McGarvey looked at him again. “Yes they will, unless we stop them.”
“Is it Kurshin?” Trotter asked.
“I don't know for sure,” McGarvey admitted. “I think so, but he's wearing a damned good disguise. Had to if he was able to fool the people at the base.”
“We can't destroy that missile here, Kirk,” Trotter said emphatically.
Collingwood was closely watching the exchange.
McGarvey turned back to him. “If they do launch it, what's the possibility of shooting it down?”
“About one in a thousand.”
Again McGarvey stared at the missile which by now was nearly at the vertical. “Well, I'd suggest that you inform your people to at least give it a try in case we fail here and that thing actually gets airborne.”
That was a logic the colonel could understand. “Will do,” he said, and he turned to his radioman and began issuing orders.
McGarvey raised his binoculars and slowly began to search the entire square foot by foot, from the front of the train station all the way across to the missile transporter.
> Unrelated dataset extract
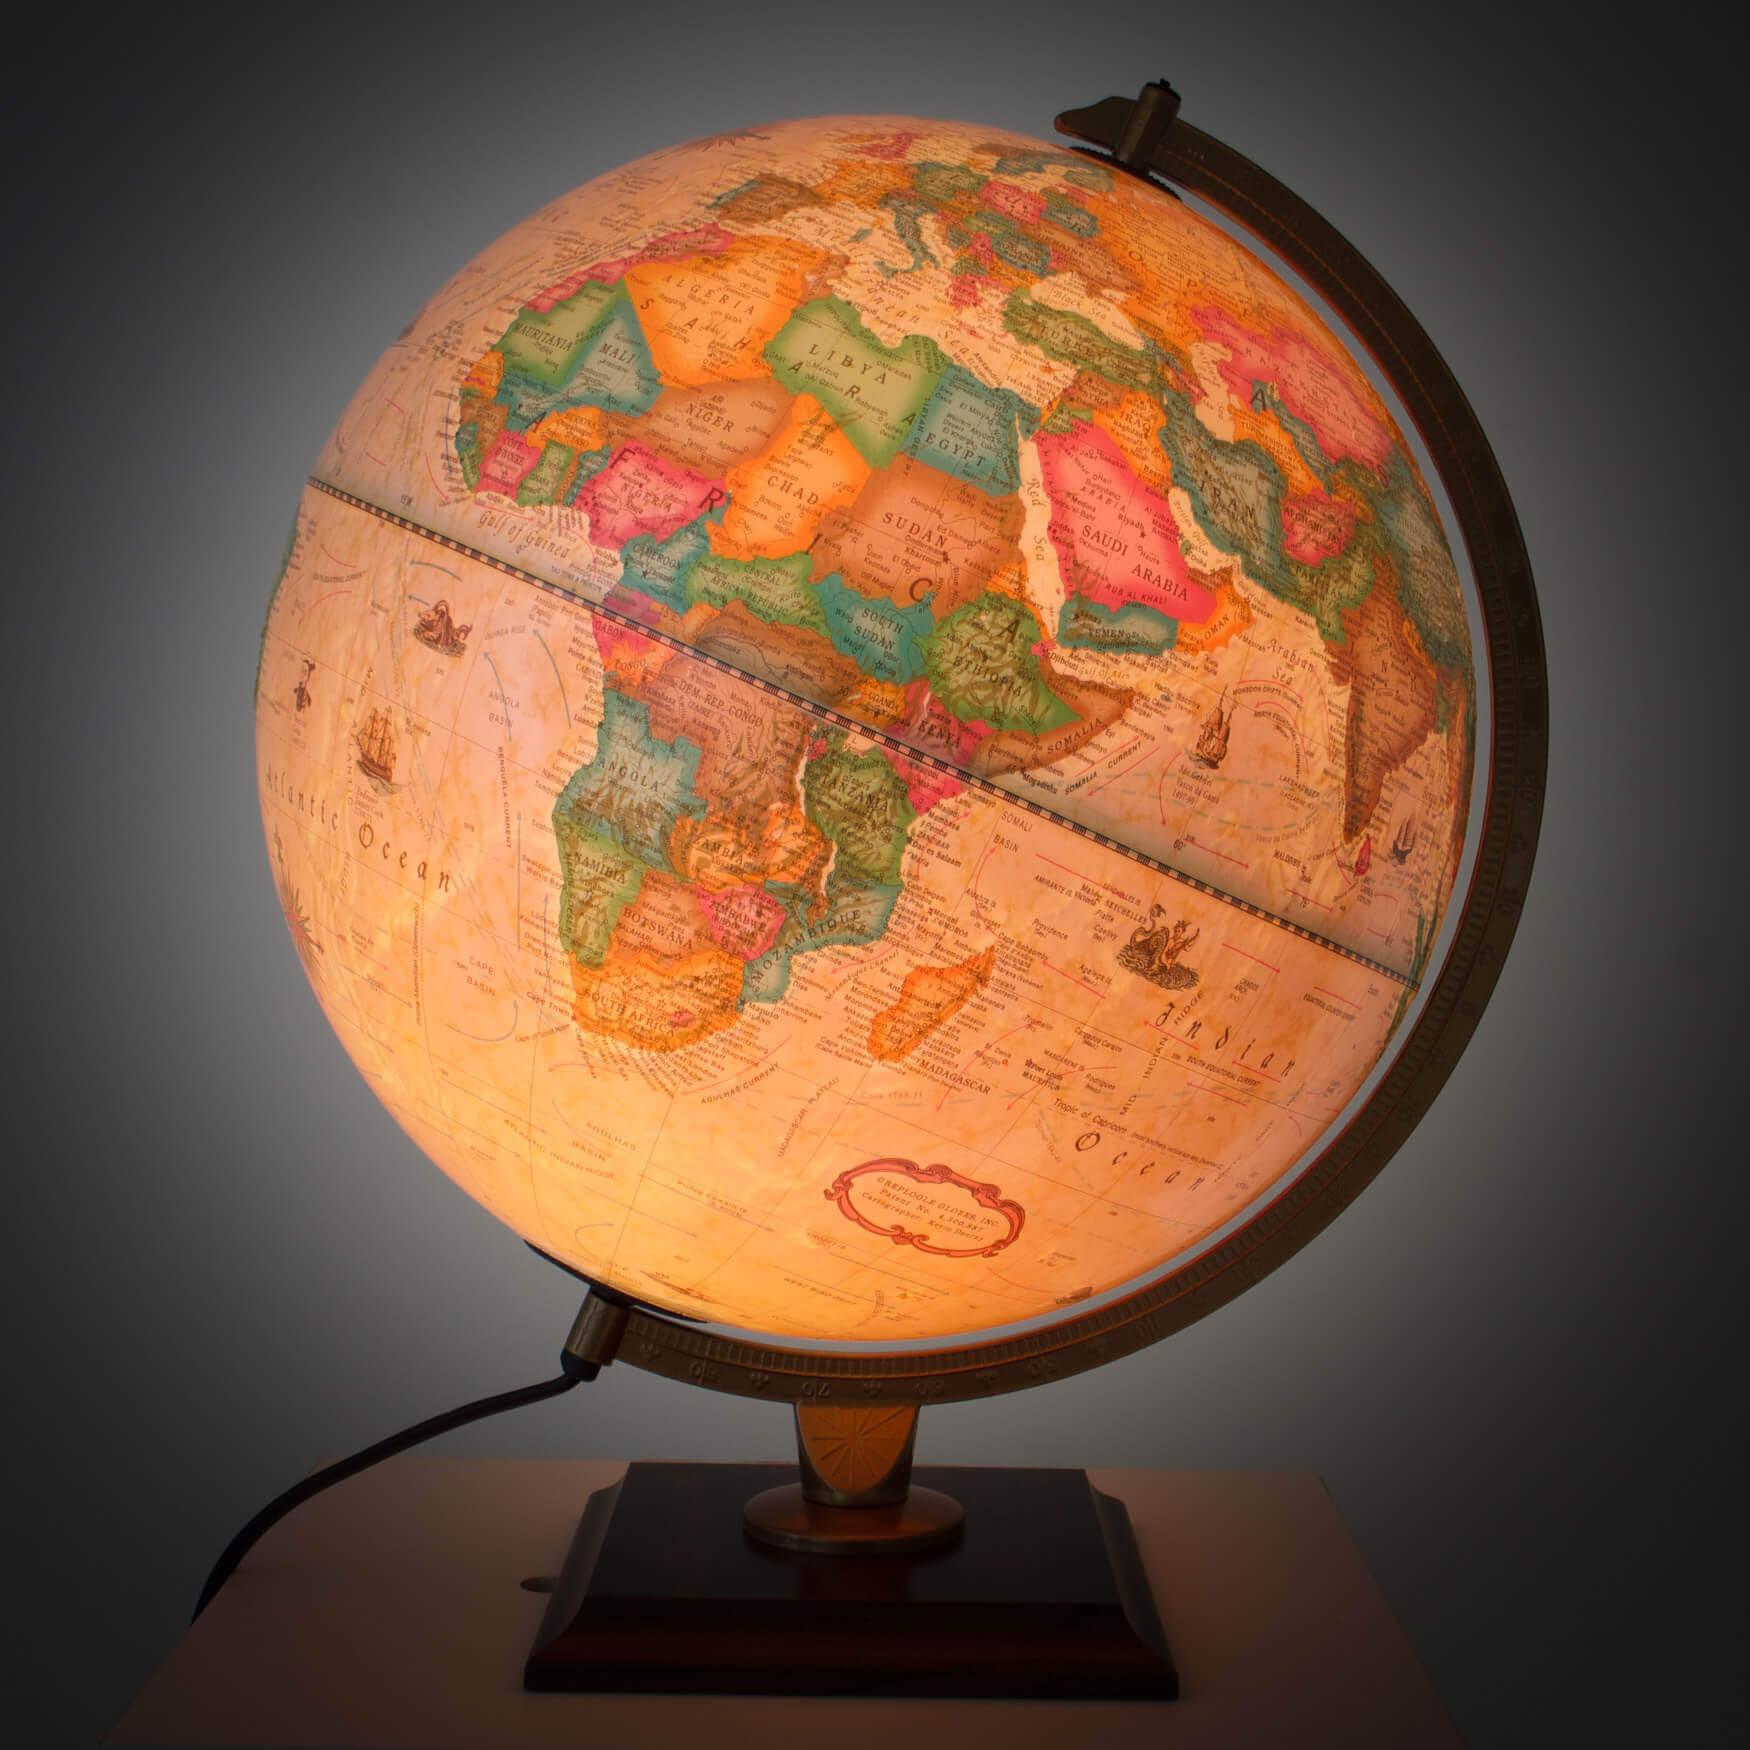 Carlyle Illuminated World Globe 30cm

It was Kurshin. He could feel it in his bones. Trotter had reported that the French police had indeed discovered a mutilated body along the railroad tracks fifty miles east of Paris. “Along the same line that Brad Allworth took to get here,” Trotter had said.
That fact clinched it in McGarvey's mind. But that meant that Kurshin had had some very good intelligence information. He'd known Brad Allworth's orders, what he looked like, and what train he would be on. He also had the information needed to reprogram the missile. It was not beyond Baranov, coming up with such information. But the risks he had taken to get the data, and then so openly display that fact here like this, meant Baranov had a very large prize in mind. A very large prize indeed.
“Get the city engineer here,” McGarvey said.
Kurshin and the other man went around to the side of the transporter, the hatch opened and they climbed inside.
“What?” Trotter asked.
“The city engineer,” McGarvey repeated. “I know how Kurshin means to escape.”